Whenever I’m faced with a difficult conversation about an emotionally charged issue, I always ask myself, “How can I listen in a way that is open to really taking in what the other person shares? How do I not immediately get caught in needing to prove that I’m right? What I can get curious about so that I can understand the other person more deeply?” and “How can I empathize with their pain and narrative while without compromising the integrity of my own pain and experience?”
This is the challenge of active listening—to get your ego to step aside so we can deeply understand another’s experience. It can be especially challenging if we are uncertain whether they, in turn, will be able to understand our pain, we hear the faintest prelude to a character attack, or if we start to feel defensive or doubtful about our own stance.
Active listening is different than simply hearing. You can hear words that come out of a person’s mouth. But taking them in, reflecting on them, letting them penetrate your heart is an entirely different experience.

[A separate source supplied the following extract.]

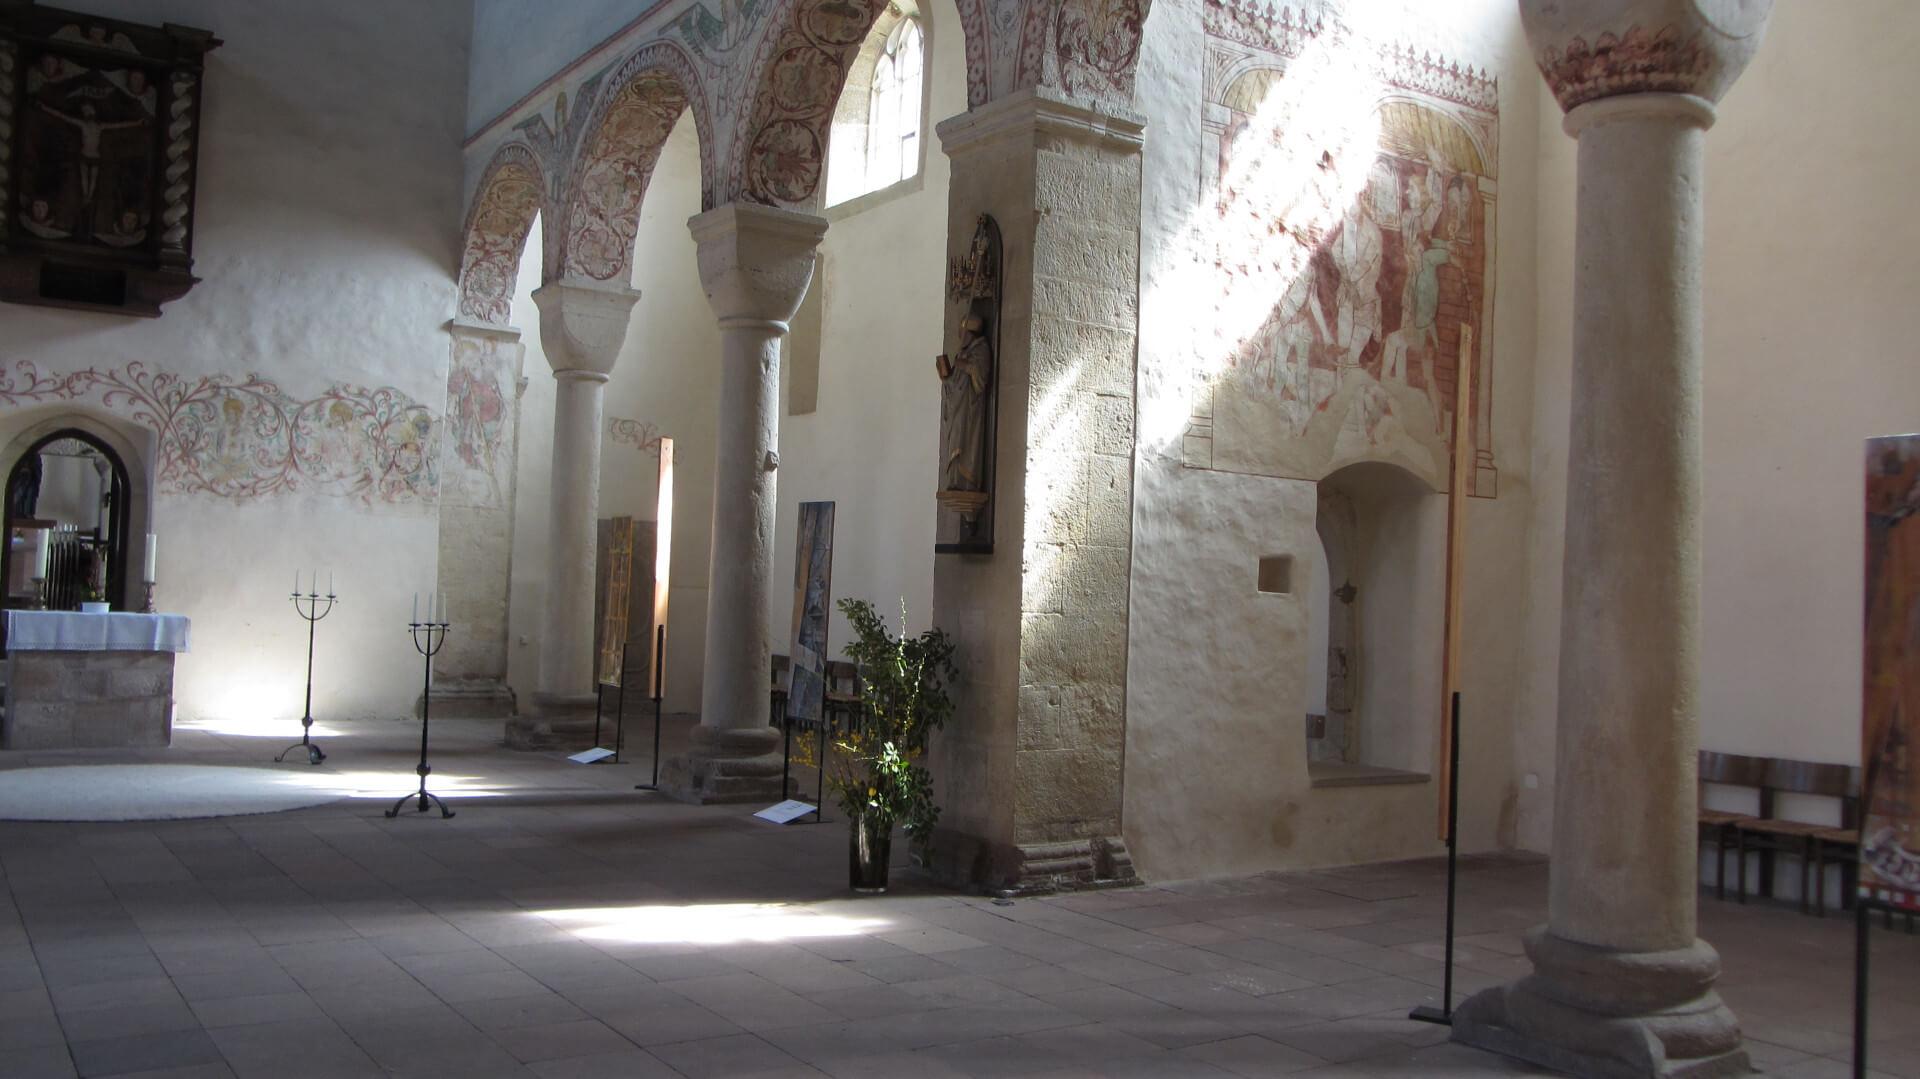 Kloster Bursfelde, Innenansicht

That’s why active listening requires trust and respect. The listener must trust that the speaker will express themselves in a respectful, non-attacking way. The speaker must speak respectfully, and trust that the listener is truly interested in taking in what is shared. The unspoken agreement is both the active listener and speaker must be mutually invested in understanding each other and coming to a positive resolution. If one party doesn’t care, or intent on blaming, such listening will be impossible.
The basic goal of active listening is to help you step into the shoes of the speaker so you can get a felt sense of their experience, and reflect back what you’ve heard until they feel understood. Only then can you step back into your own experience.